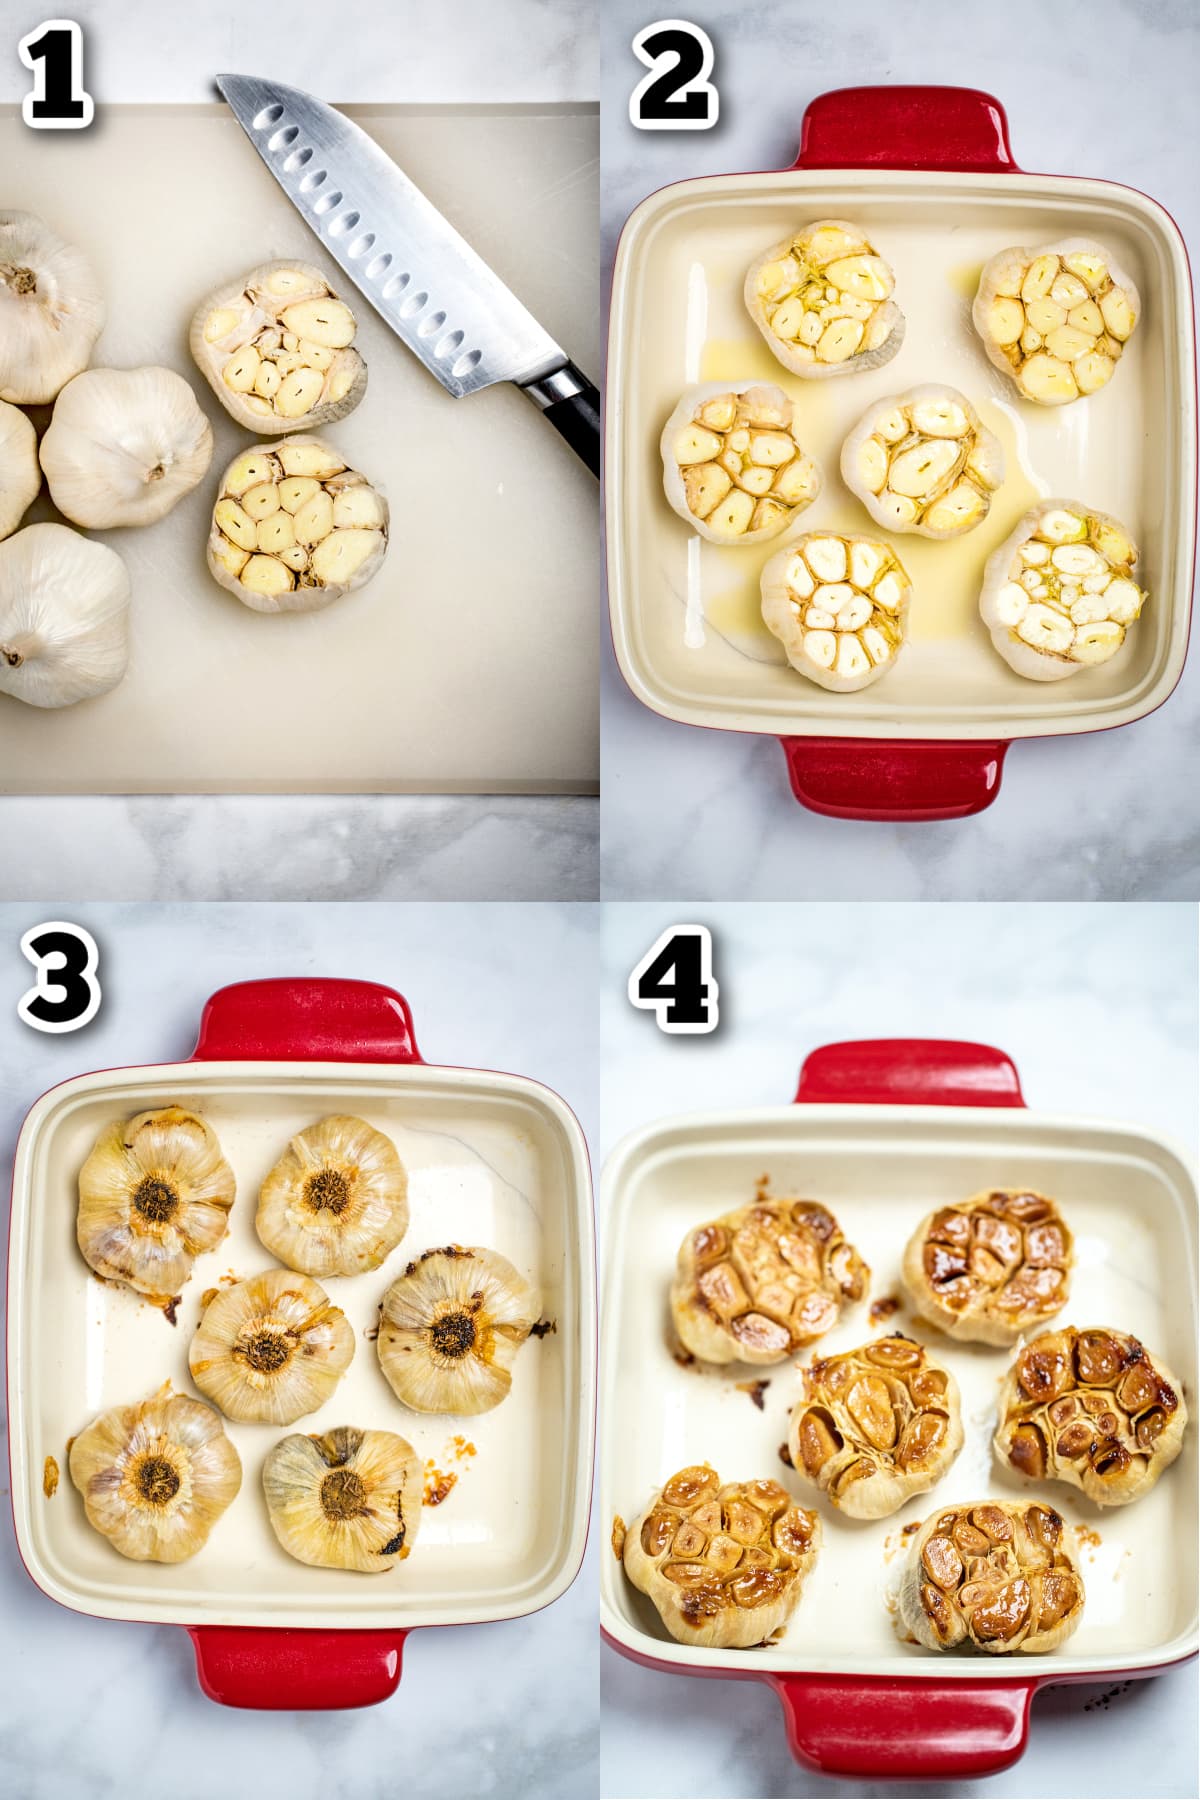 Step by step instructions for how to make roasted garlic bulbs.
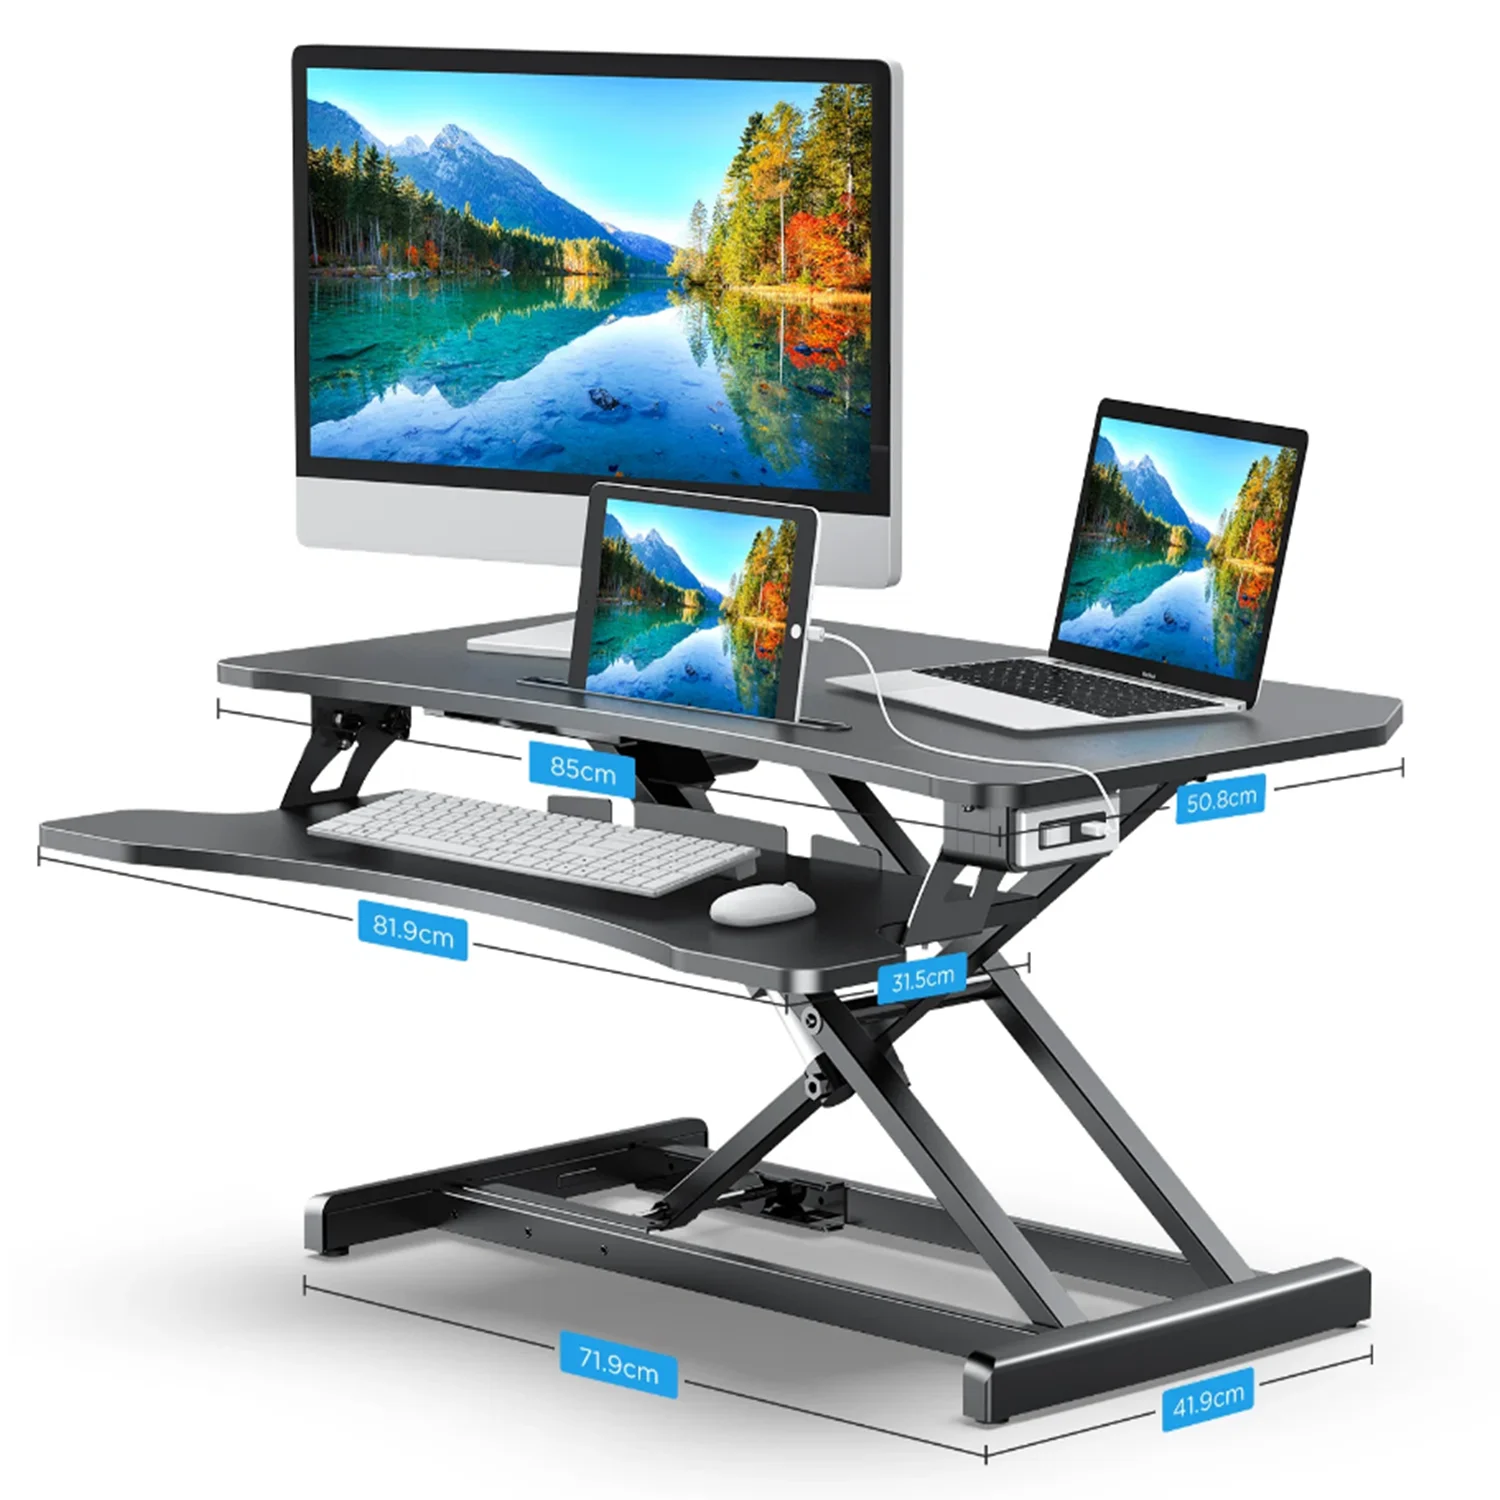 https://ae01.alicdn.com/kf/S1e8c58bc6ff641429945bbc160396b301/ABOX-Standing-Desk-Sit-Stand-Desk-Converter-Height-Adjustable-with-Deep-Keyboard-Tray-Sit-to-Stand.png
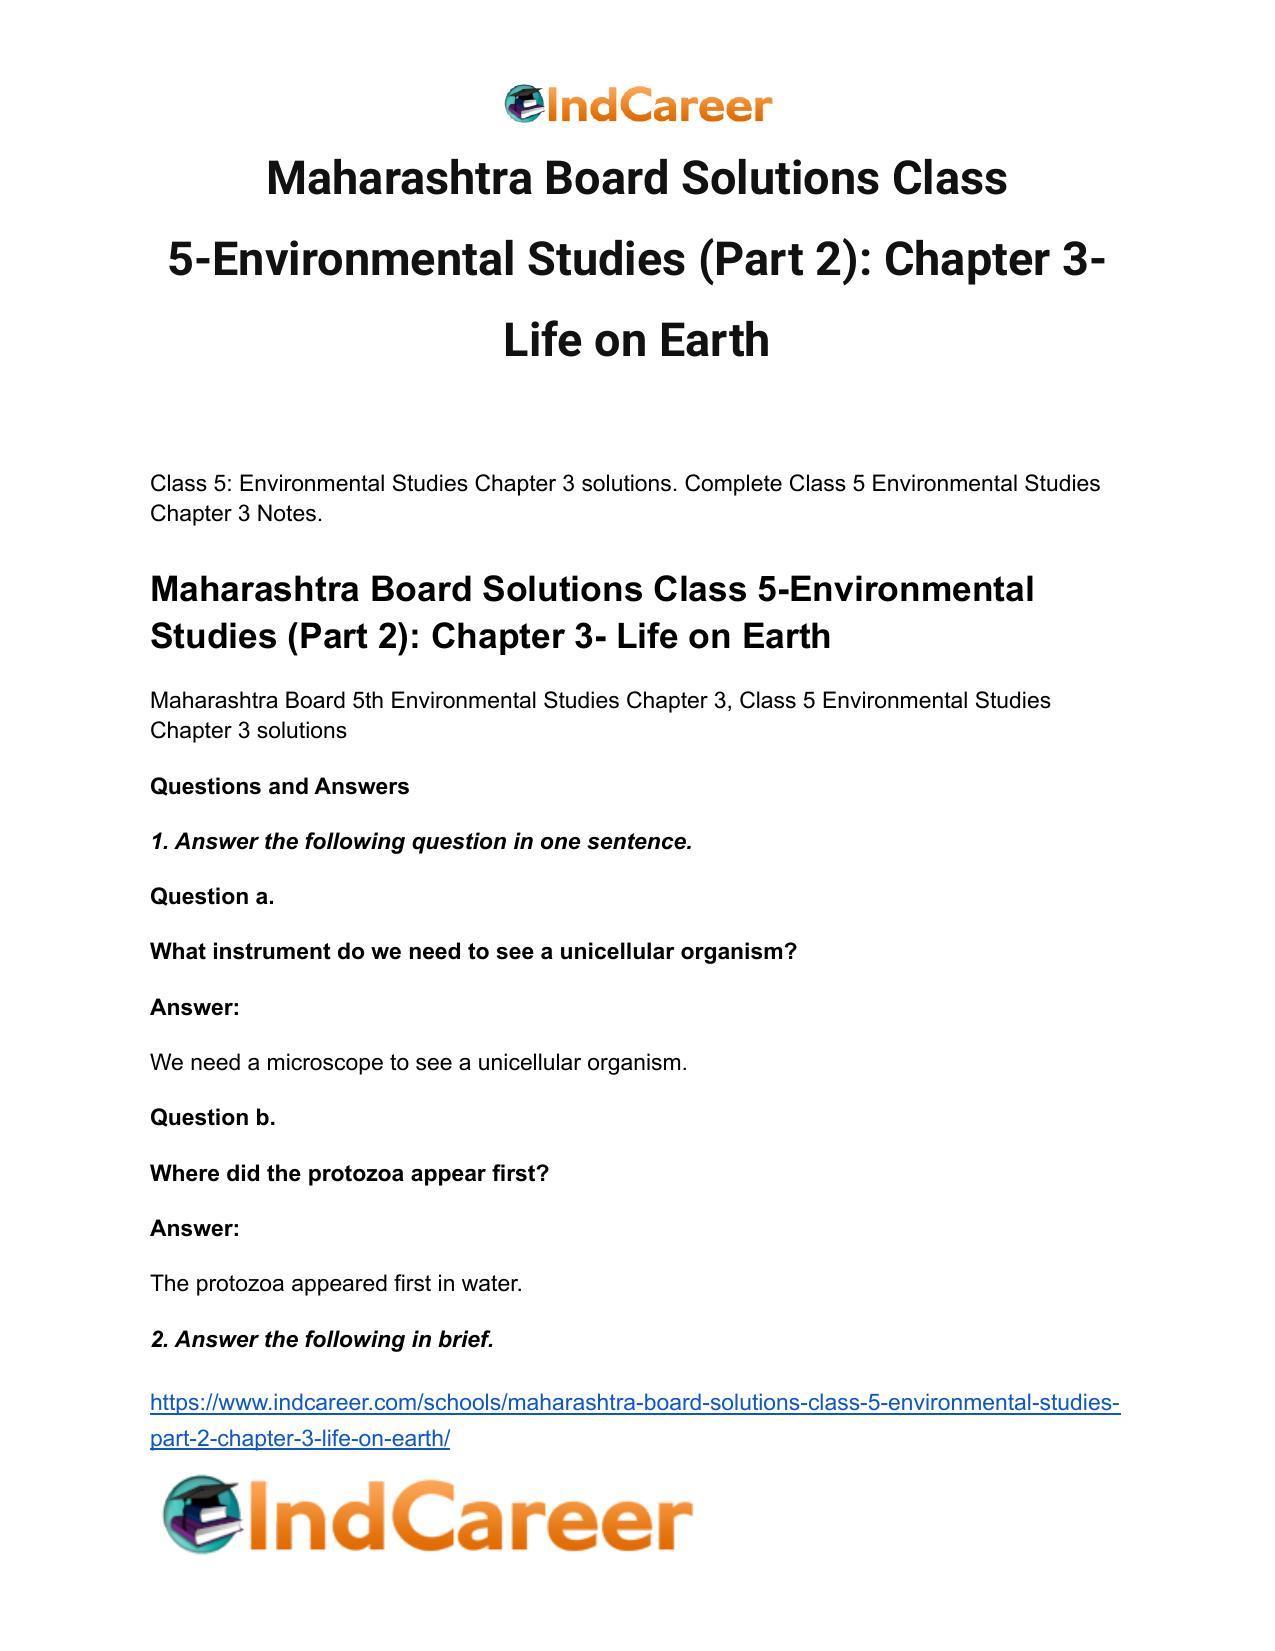 Maharashtra Board Solutions Class 5-Environmental Studies (Part 2): Chapter 3- Life on Earth - Page 2

============

- **Exercise description**: Produce a word-for-word version of the material, with no pictures included.

- **Answer box**:
 Step by step instructions for how to make roasted garlic bulbs.
 https://ae01.alicdn.com/kf/S1e8c58bc6ff641429945bbc160396b301/ABOX-Standing-Desk-Sit-Stand-Desk-Converter-Height-Adjustable-with-Deep-Keyboard-Tray-Sit-to-Stand.png
 Maharashtra Board Solutions Class 5-Environmental Studies (Part 2): Chapter 3- Life on Earth - Page 2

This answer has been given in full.